The sp.centrality dispatcher computes one or more measures and returns a per-node table:

cen = sp.centrality(g, kind="all")          # degree, closeness, betweenness,
                                            # eigenvector, pagerank
cen.scores                                  # DataFrame indexed by node
cen.top("betweenness", 5)                   # 5 highest brokers
cen.most_central                            # {measure: node}

Named functions are also exposed: sp.degree_centrality, sp.closeness_centrality, sp.betweenness_centrality (Brandes 2001), sp.eigenvector_centrality, sp.katz_centrality, sp.pagerank (Brin-Page), sp.bonacich_power, and sp.hits.

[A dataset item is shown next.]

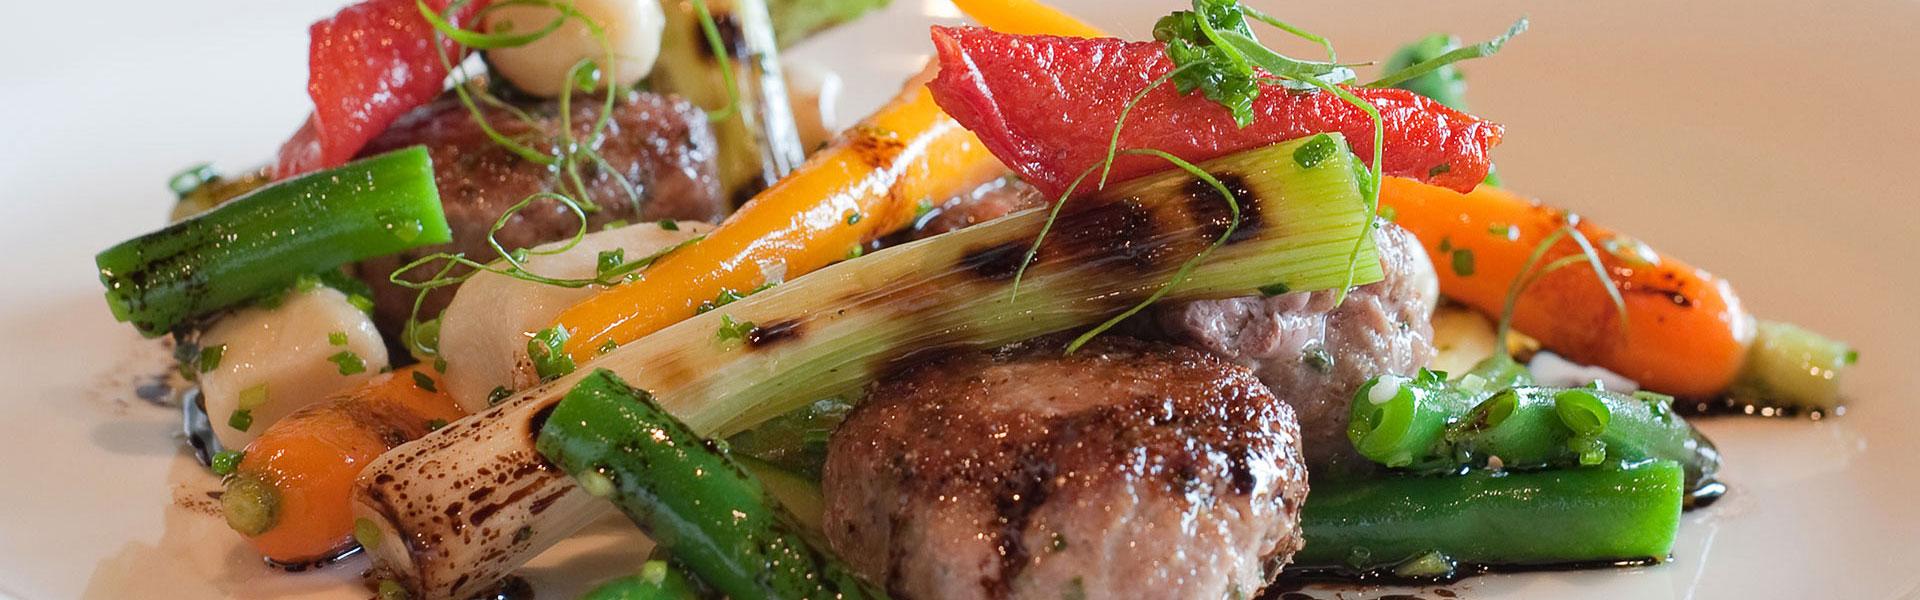 Pork Meat Balls and roast vegetables

PageRank returns the exact stationary distribution of the Google matrix (the igraph-equivalent value); on a binary undirected graph it equals the degree-proportional walk shrunk toward uniform by the damping factor.

Community detection

com = sp.community_detection(g, method="louvain")   # or "greedy", "label_prop"
com.membership          # community id per node
com.n_communities
com.modularity          # Newman Q
sp.network_modularity(g, com.membership)            # Q of any partition
  • Louvain (Blondel et al. 2008) — multi-level modularity optimisation; reaches Q ≈ 0.42 on the karate club.
  • Greedy / CNM (Clauset-Newman-Moore 2004) — agglomerative; reproduces networkx's partition exactly (Q = 0.3807, 3 communities).
  • Label propagation (Raghavan et al. 2007) — near-linear-time; pass seed for reproducibility.

Network regression (QAP / MRQAP / dyadic)

Regress one relational matrix on others with permutation inference robust to network autocorrelation — the sna::netlm / netlogit workflow:

res = sp.netlm(Y, {"distance": D, "same_dept": S}, nperm=1000)
res.coefficients          # coef, se, z, QAP p-value
res.p_qap                 # permutation p-values (the headline inference)

method="dsp" (default) is Dekker-Krackhardt-Snijders double-semi-partialling, robust to collinearity among predictors. sp.netlogit is the logistic version for a binary dependent network.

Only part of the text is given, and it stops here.